Total time limit:
10000ms
Memory limit:
65536kB
describe
Dr. Hopper is studying the sexual behavior of a rare species of insects. He assumes that insects are only two sexes, and that insects interact only with the opposite sex. In his experiment, the interaction behavior of different insect individuals and insects was easy to distinguish, because the backs of these insects were marked with some labels.
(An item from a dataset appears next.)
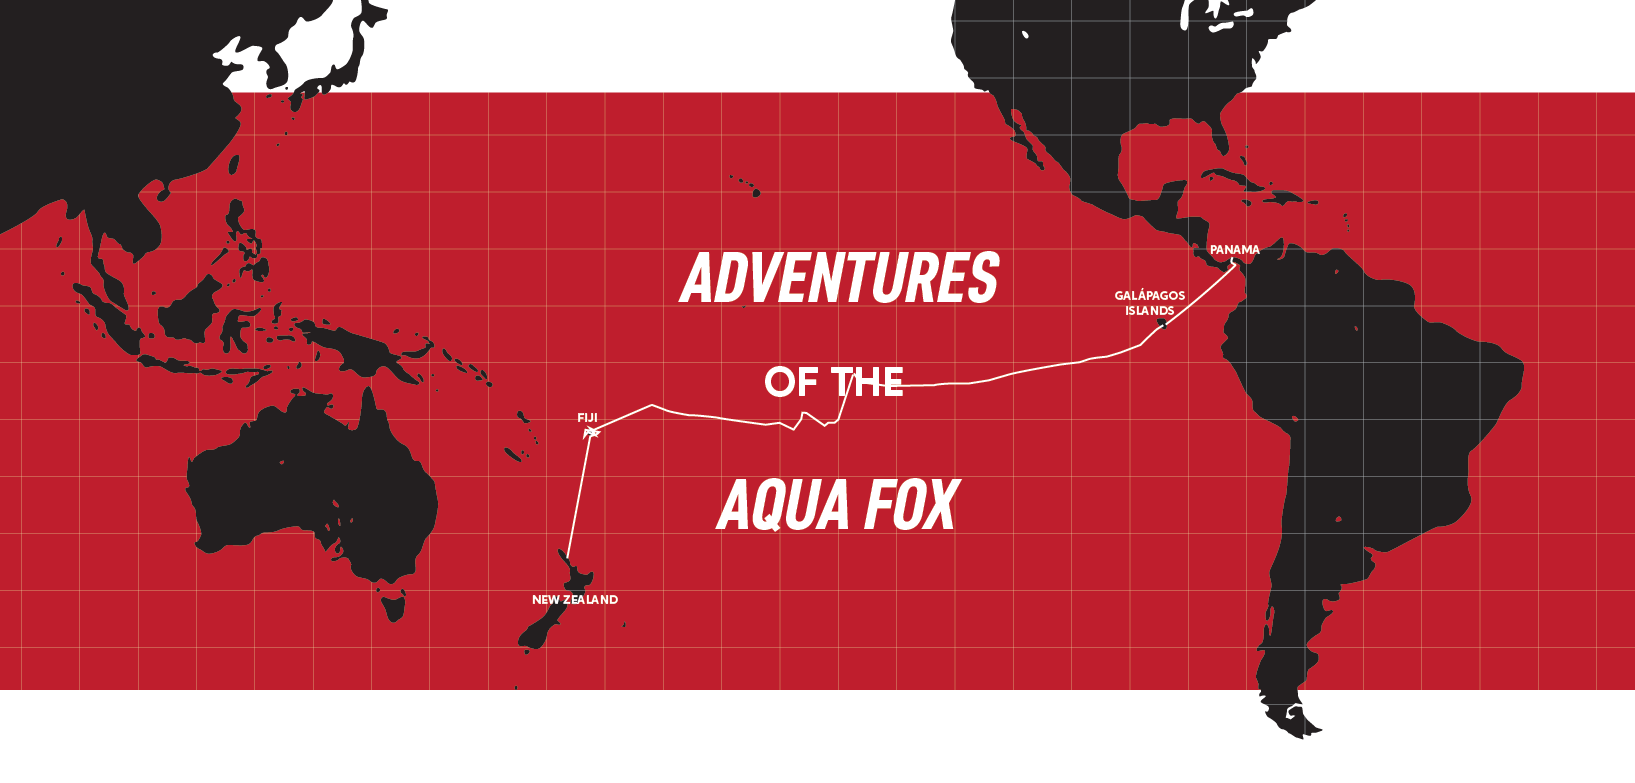 Adventures of the Aqua Fox route map planning ahead full trip length. Grid Map

Now, given a series of insect interactions, let you judge whether the results of the experiment verify his hypothesis that there are no homosexual insects, or whether there are some insect interactions to prove that the hypothesis is wrong.
input
The first line entered contains the number of groups for the experiment. The first row of each group of experimental data is the number of insects (at least 1, up to 2000) and the number of interactions (up to 1000000), which are separated by spaces. In the following rows, each interaction is represented by the labels of the two interactive insects, which are separated by spaces. It is known that insects are numbered consecutively from 1.
output
The output of each group of test data is 2 lines. The first line contains "Scenario #i:", where I is the label of the number of experimental data groups. Starting from 1, the second line is "no supplementary bugs found!" if the experimental results are consistent with the doctor's hypothesis, or "supplementary bugs found!" if the doctor's hypothesis is wrong
sample input
2 3 3 1 2 2 3 1 3 4 2 1 2 3 4
sample output
Scenario #1: Suspicious bugs found! Scenario #2: No suspicious bugs found!
Tips
The amount of data is large, so it is recommended to use scanf
There are only two kinds of weights. Each weight generation represents the relative relationship between the parent node and the child node.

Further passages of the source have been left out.